Hive
Hive source connector
Description
Read data from Hive.
In order to use this connector, You must ensure your spark/flink cluster already integrated hive. The tested hive version is 2.3.9.
Tips: Hive Sink Connector can not add partition field to the output data now
Key features
Read all the data in a split in a pollNext call.

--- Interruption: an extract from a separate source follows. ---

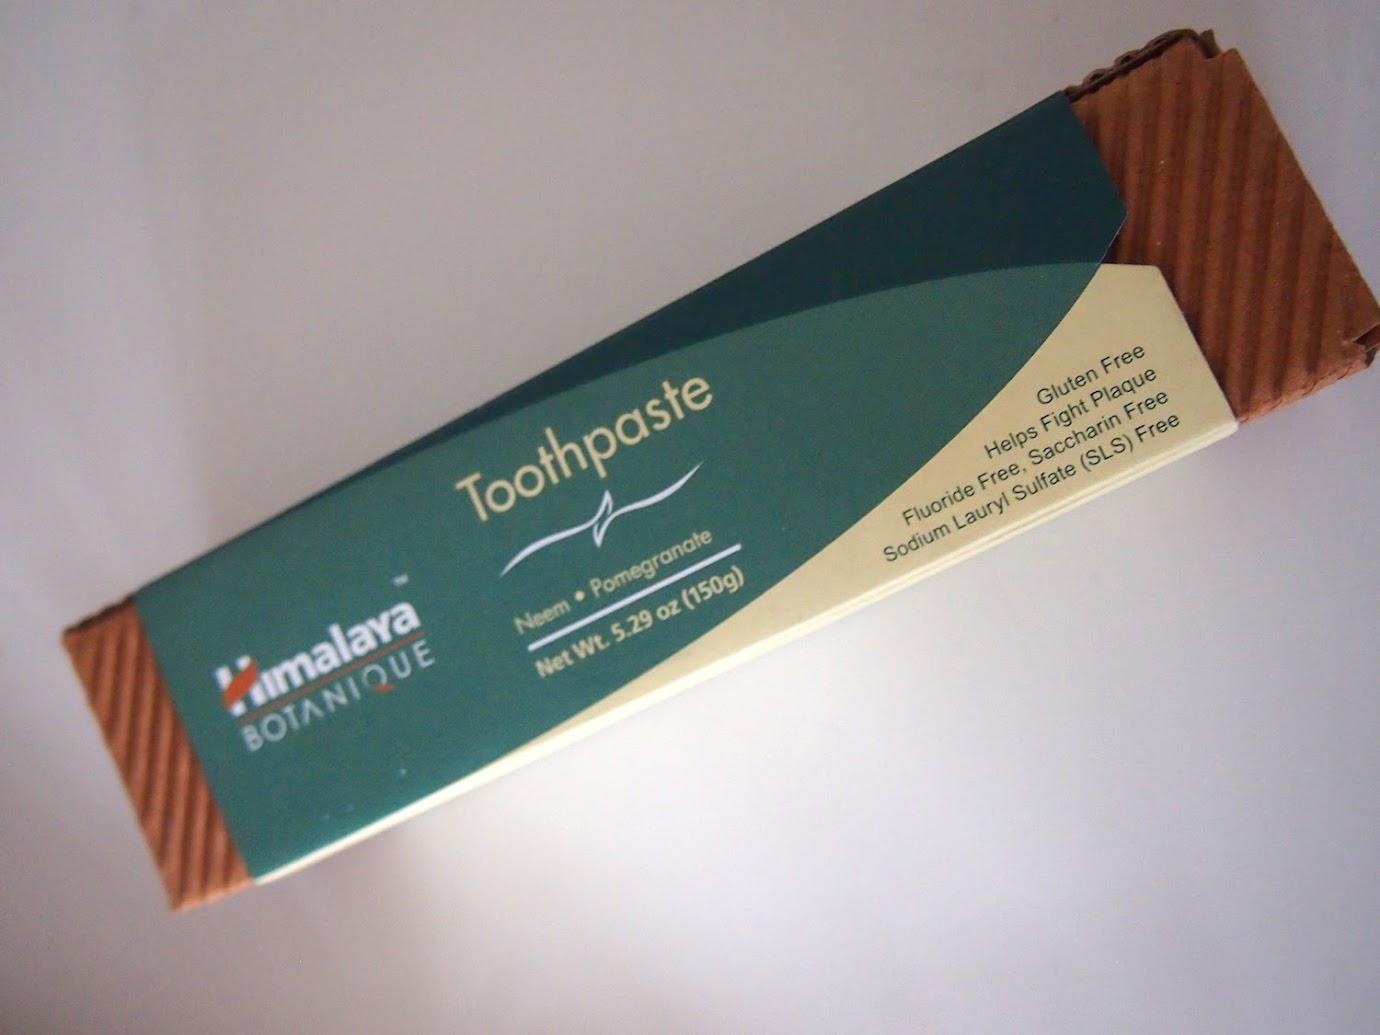 Himalaya Herbal Healthcare, ボタニーク(Botanique), 練り歯磨き, ニーム, ザクロ, フッ化物フリー, 5.29オンス(150 g)
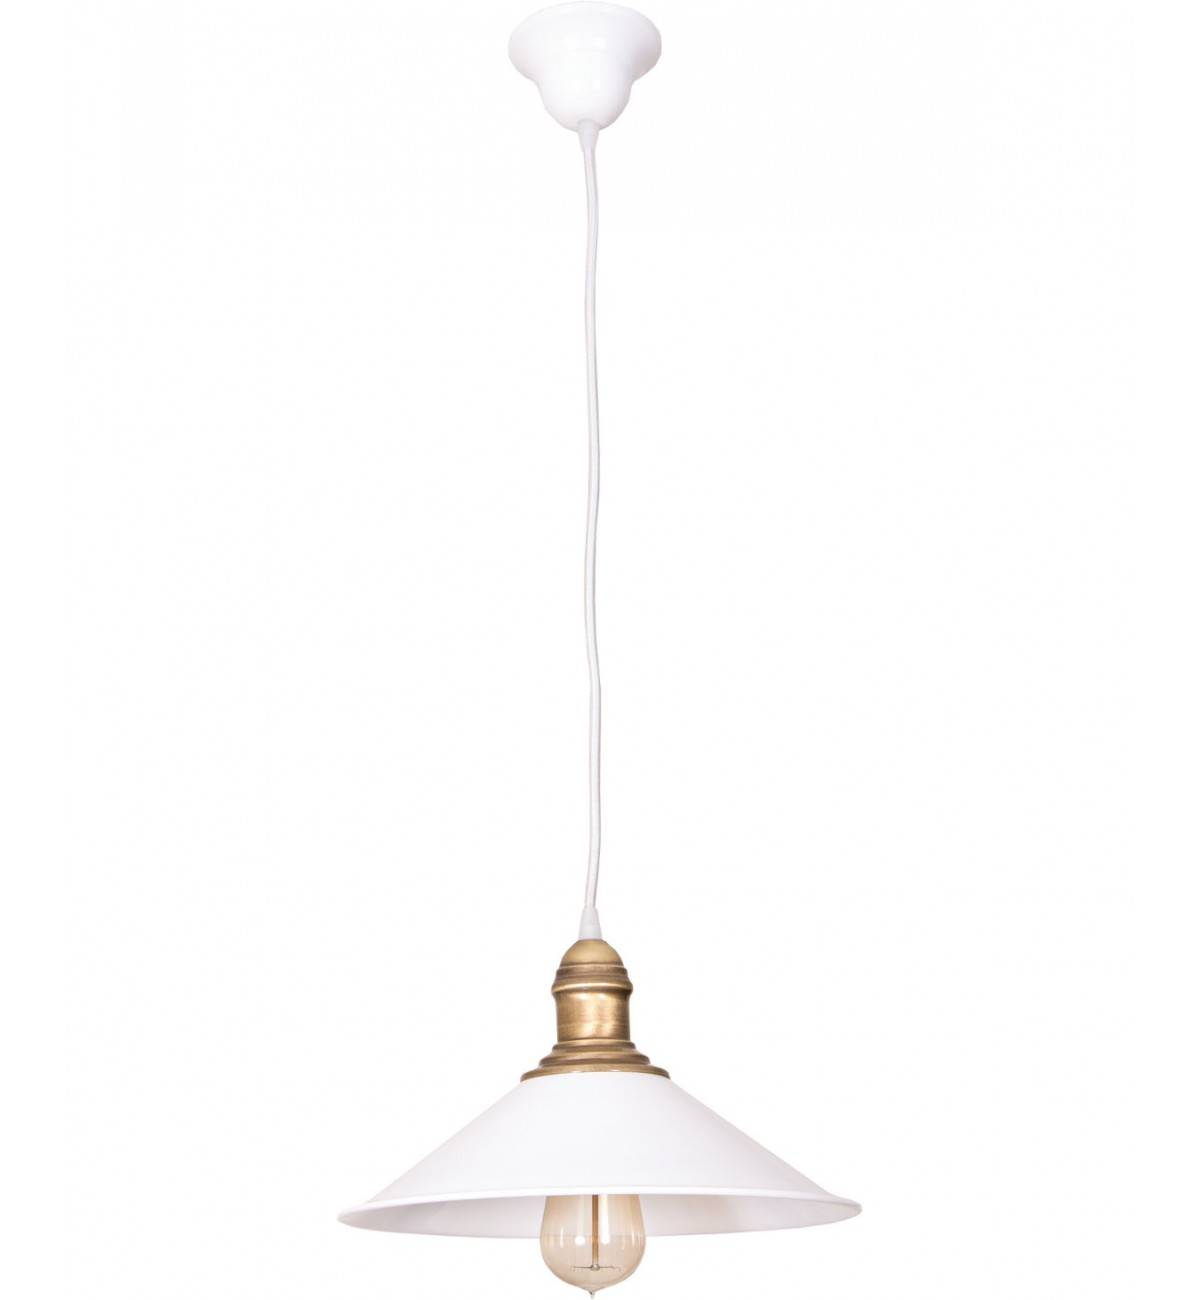 lampy kuchenne wiszące retro

What splits are read will be saved in snapshot.
- schema projection
- parallelism
- support user-defined split
- file format
- text
- csv
- parquet
- orc
- json
Options
name | type | required | default value |
---|---|---|---|
table_name | string | yes | - |
metastore_uri | string | yes | - |
hdfs_site_path | string | no | - |
schema | config | No | - |
common-options | no | - |
table_name [string]
Target Hive table name eg: db1.table1
metastore_uri [string]
Hive metastore uri
hdfs_site_path [string]
The path of hdfs-site.xml
, used to load ha configuration of namenodes
schema [Config]
fields [Config]
the schema fields of upstream data
common options
Source plugin common parameters, please refer to Source Common Options for details
Example
Hive {
table_name = "default.seatunnel_orc"
metastore_uri = "thrift://namenode001:9083"
}
Changelog
2.2.0-beta 2022-09-26
- Add Hive Source Connector